B. Our contributions
In this study, we do not aim to ascertain cognitive impairment, but use artificial intelligence techniques to identify narrations regarding cognitive decline described by caregivers in Reddit posts. This will open up new research directions towards the use of social media discussions. We used two subreddit communities, such as r/dementia and r/Alzheimers, to identify the caregivers and characterize the progression of dementia through examining the emotional spectrum in self-reported posts over the period of time. We annotated data focused on the following items:
Type of user posting about dementia and Alzheimer’s disease in the subreddit community. We find the ratio of commercial users v/s self-reported posts by patient or caregivers, signifying the changing trends in post-pandemic society.
Caregivers’ expressions of cognitive decline, disclosing the latent symptoms about human behavior. Classification of the presence or absence of the real-time experiences in Reddit posts may supplement the medical diagnosis of cognitive decline under professional and clinical supervision.

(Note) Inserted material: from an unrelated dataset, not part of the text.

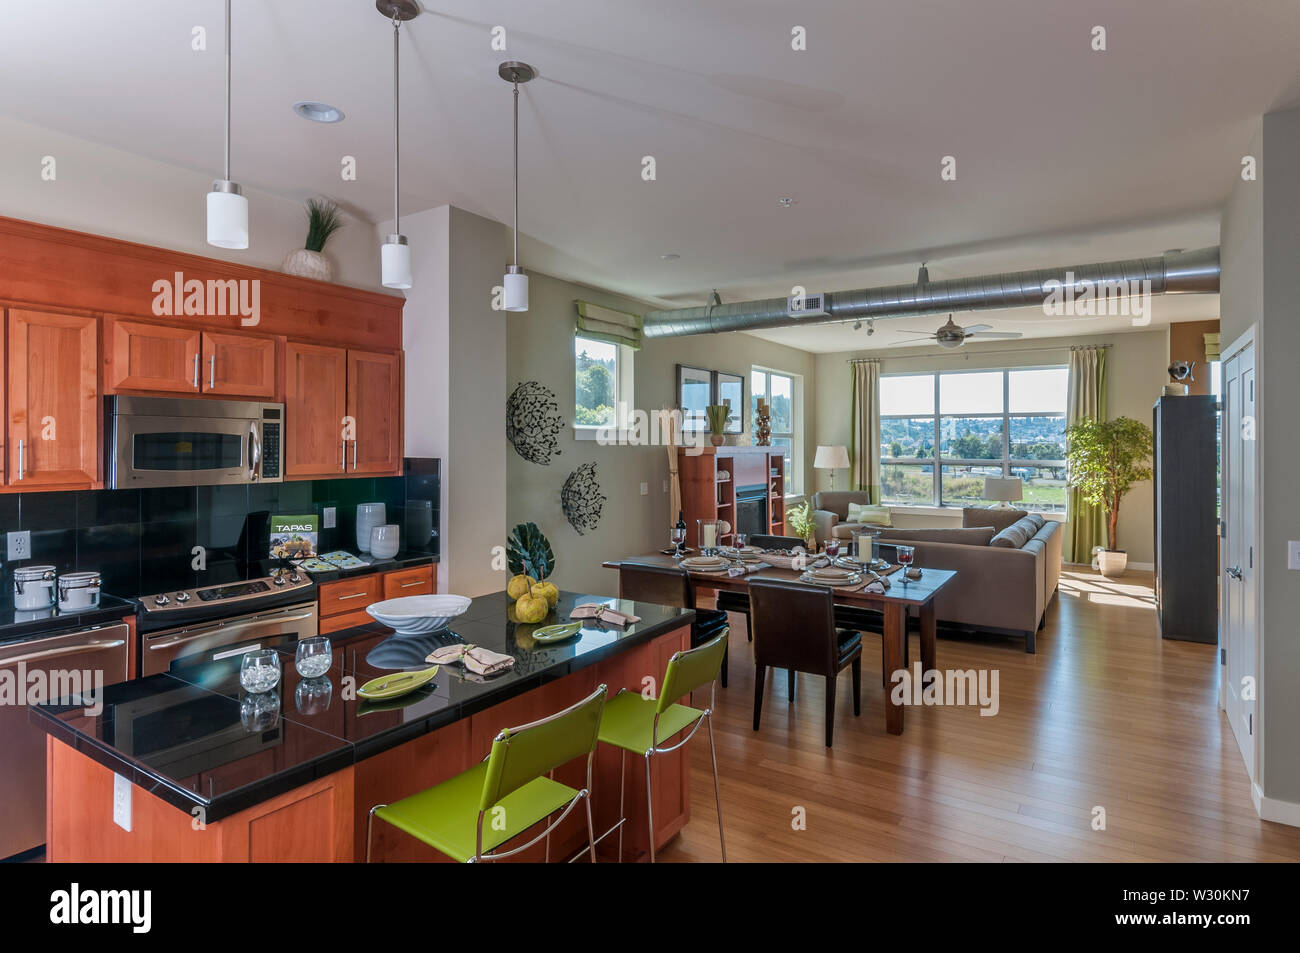 Condominio o apartamento interior mostrando área de cocina, comedor y sala  de estar Fotografía de stock - Alamy

ID of caregivers for extracting longitudinal posts relevant subreddits such as r/AlzheimersGroup, r/AlzheimersSupport to name a few. This information may be used to discover the progression of cognitive decline over time.
Our major contributions are:
We construct and partially release2 our new dataset, CareD, on a public platform, leveraging on annotation scheme and perplexity guidelines, to facilitate future research in this direction.
We also report basic statistics of the Reddit post dataset and discover patterns among two classes through keyword extraction mechanisms
We ensure reliability and re-usability through inter-annotator agreement and FAIR principles, respectively.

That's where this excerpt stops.